On Saturday, CMA CGM ordered vessels inside or bound for the Gulf to “proceed to shelter.” It also suspended sailings through the Suez Canal and rerouted ships to the Cape of Good Hope.

German shipping giant Hapag-Lloyd introduced a $1,500 per standard container war risk surcharge and suspended vessel transits through the Strait of Hormuz.

Sailing around Africa, rather than through the Suez Canal, absorbs roughly 2.5 million 20-foot container units’ worth of global container capacity, according to Xeneta’s Sand.

Read more about the US-Iran conflict

Air cargo rates may rise

Air freight is also under strain.

Several Middle Eastern airspaces have been closed or restricted, disrupting passenger and cargo flights.

Parcel delivery giant FedEx suspended flights to and from markets including Bahrain, Israel, Qatar, Saudi Arabia, Kuwait, and the UAE, and halted pickup and delivery services in several Gulf countries.

Qatar Airways Cargo temporarily suspended operations due to the closure of Qatari airspace.
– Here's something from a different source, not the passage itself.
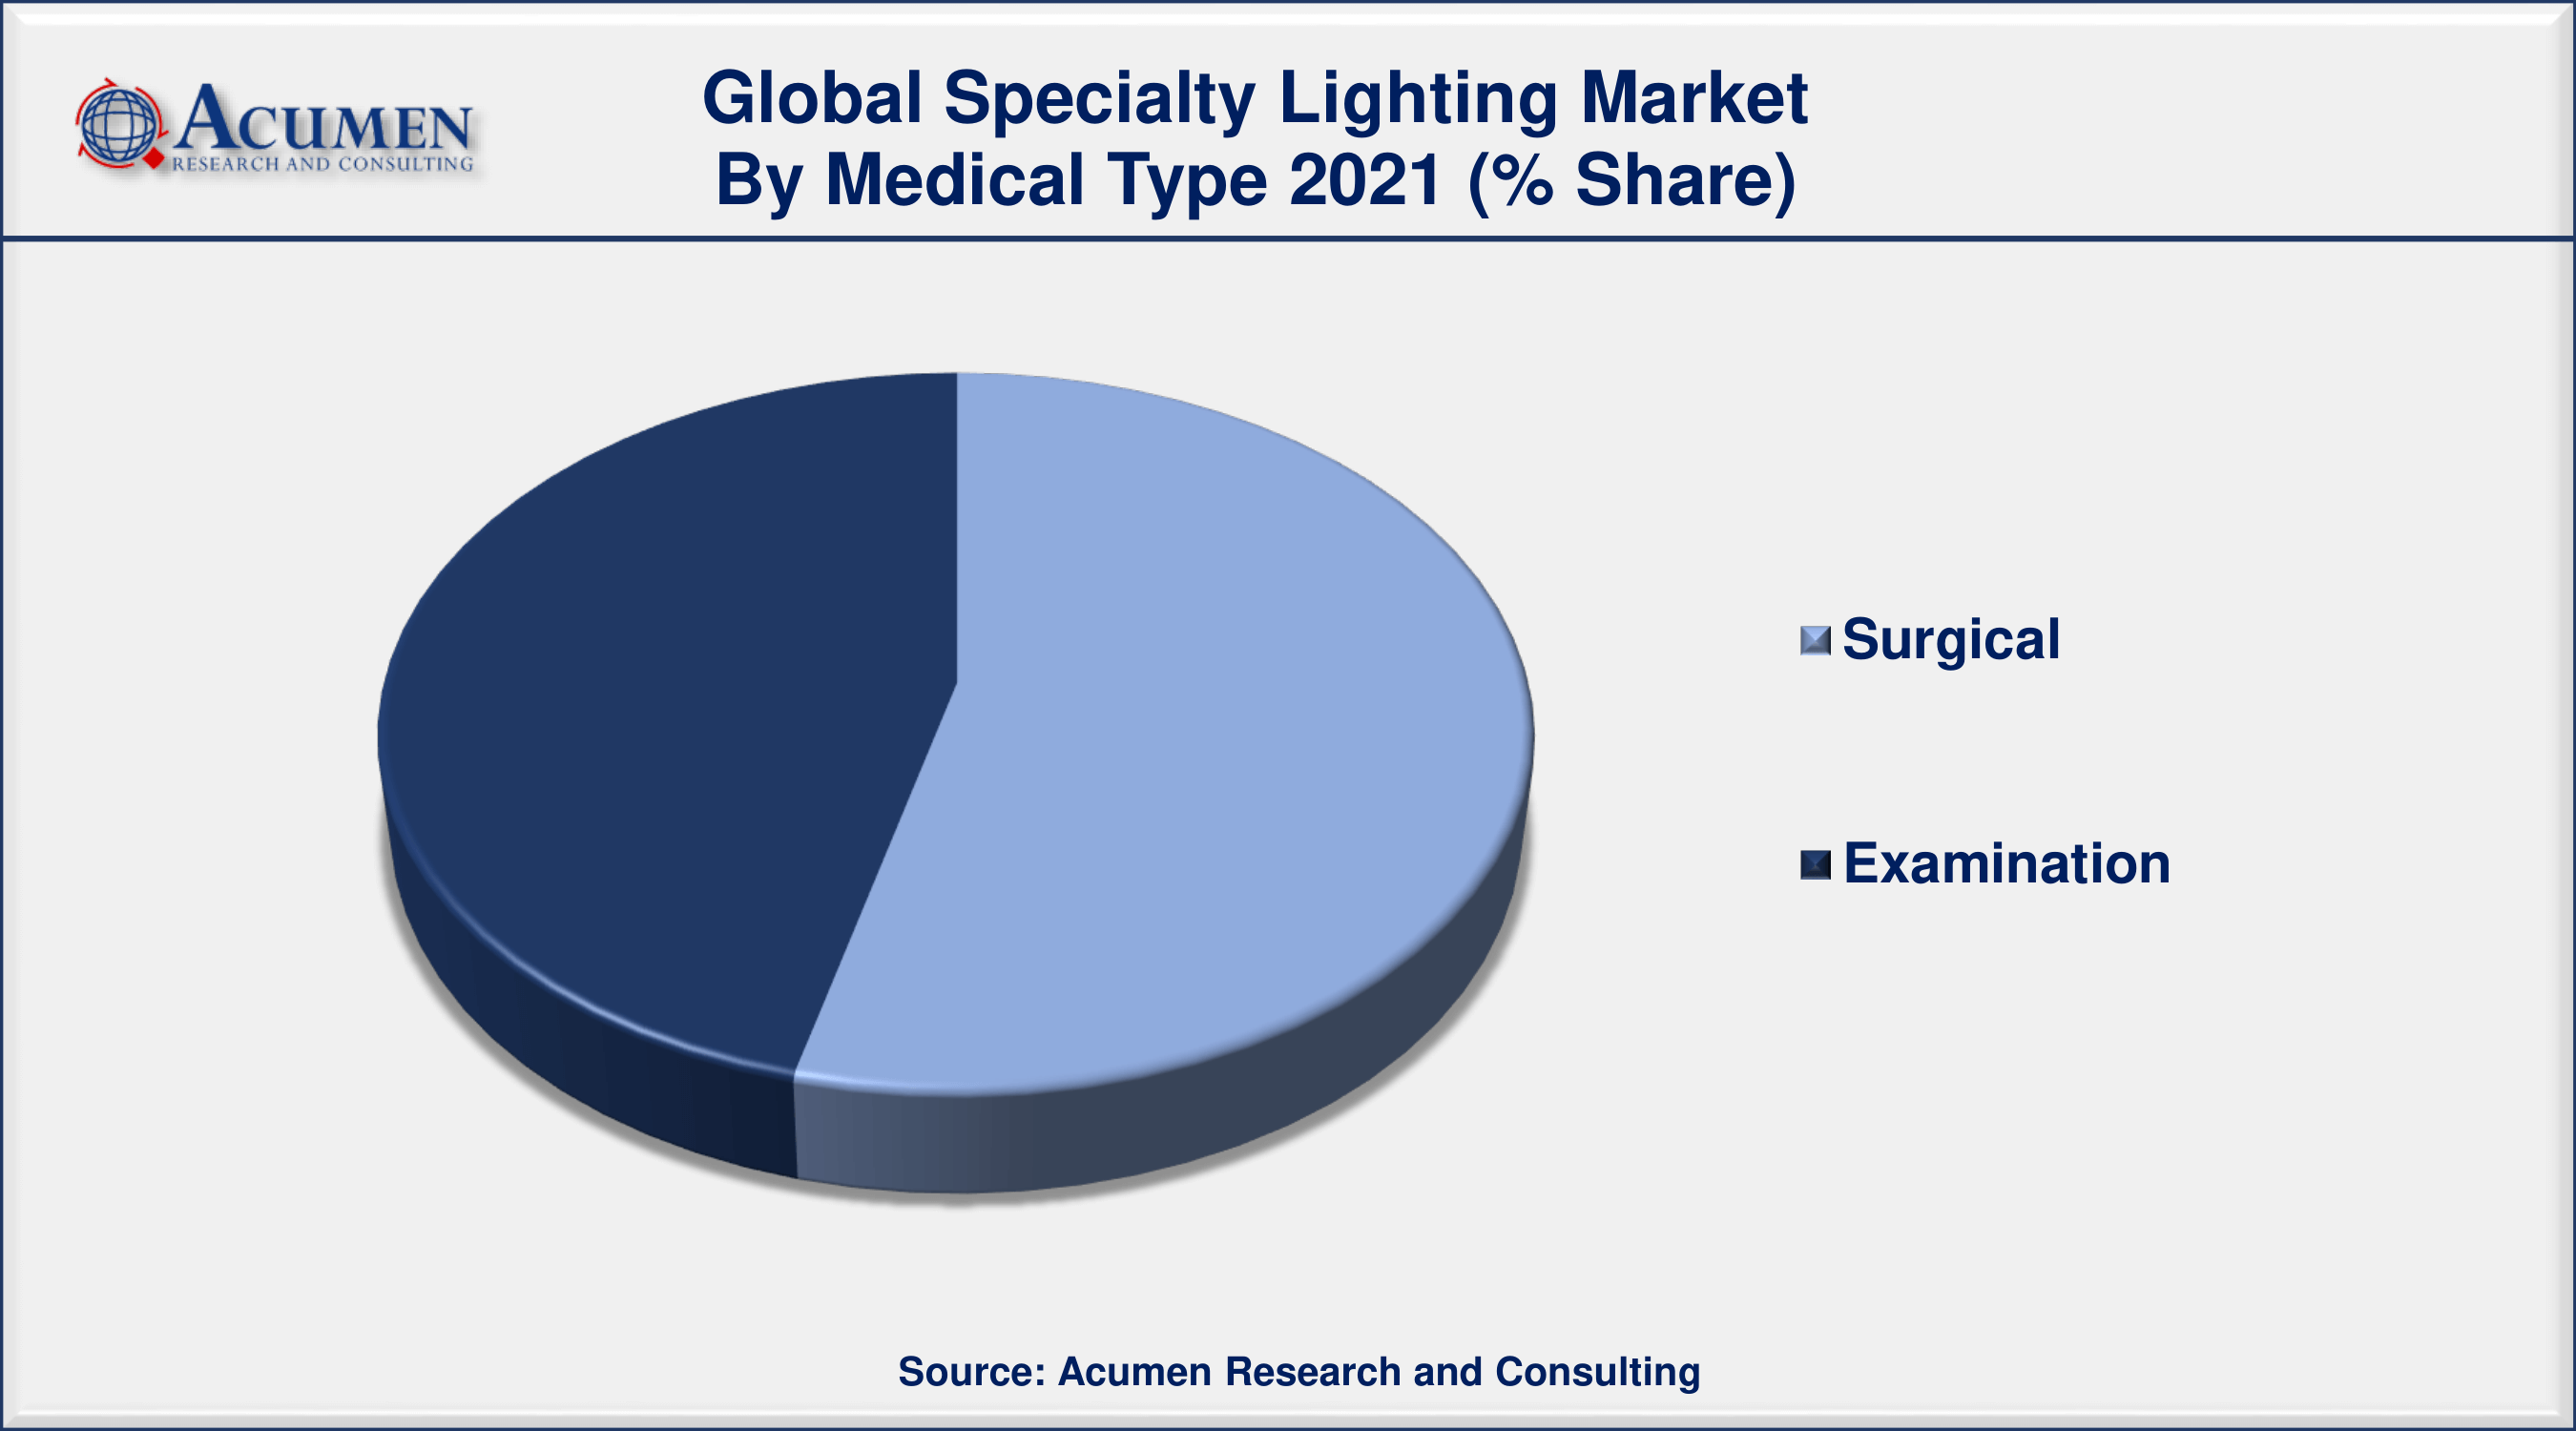 By medical type, surgical segment generated about 54% market share in 2021
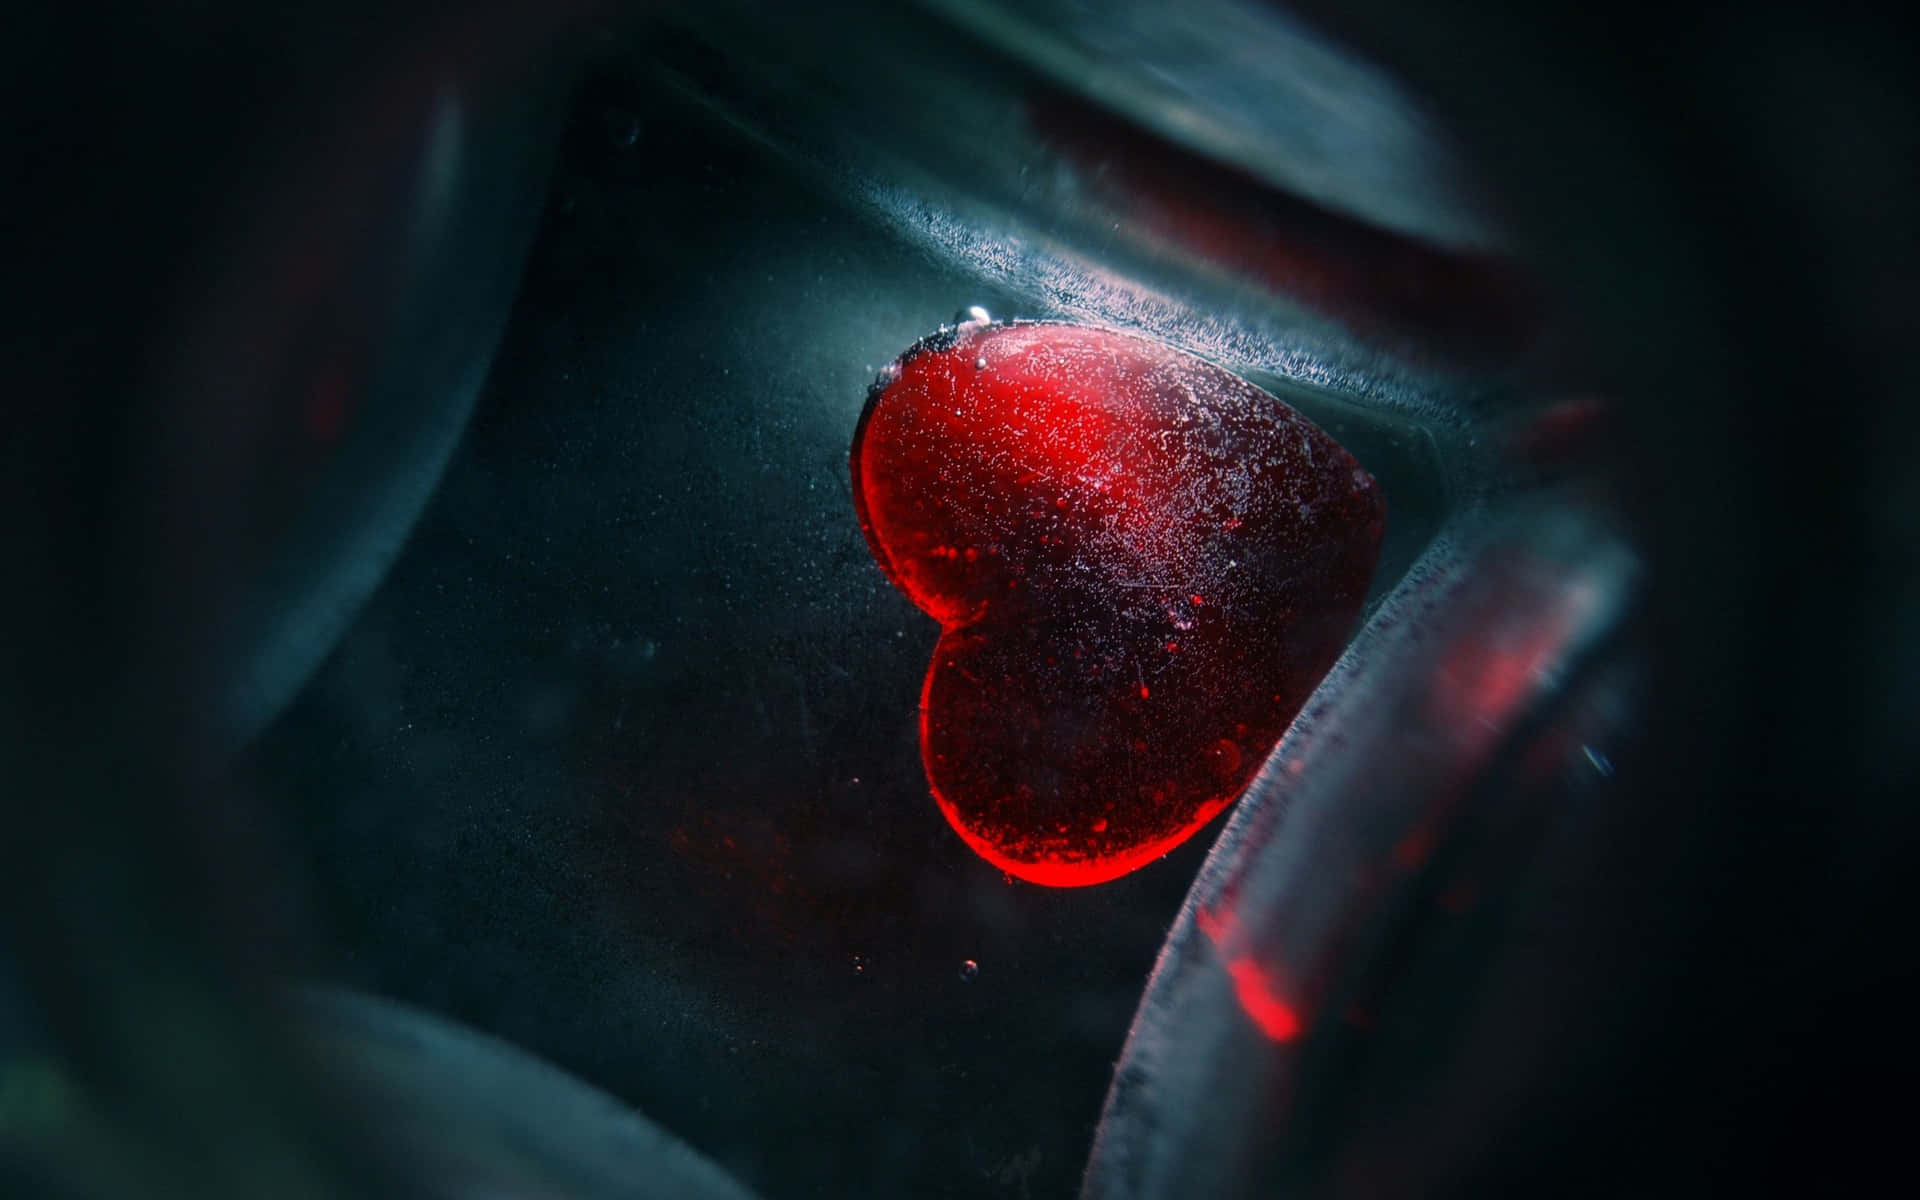 a red heart is shown in a glass bottle

DSV, a Danish logistics company, said in an advisory that airspace restrictions are forcing carriers to suspend services or divert flights and lengthen routings.

With less cargo space available on key Asia-Europe and Middle East routes, air freight rates are likely to rise, space will tighten, and airlines may make short-notice schedule and pricing changes, according to DSV.

Ryan Petersen, the CEO of Flexport, wrote on X that conflict in the Middle East has removed 18% of global air freight capacity from the market.

If carriers begin omitting Gulf port calls, containers may be discharged at alternative hubs and trucked onward, wrote Xeneta’s Sand.

The broader concern, however, is what the escalation means for global trade flows through the Red Sea this year. The conflict comes after more than two years of disruption caused by Iran-backed Houthi attacks on commercial shipping.

“The repercussions of the joint military operation by the US and Israel against Iran and subsequent retaliatory action will see the further weaponization of trade and shatter hopes of a large-scale return of container shipping to the Red Sea in 2026,” wrote Sand.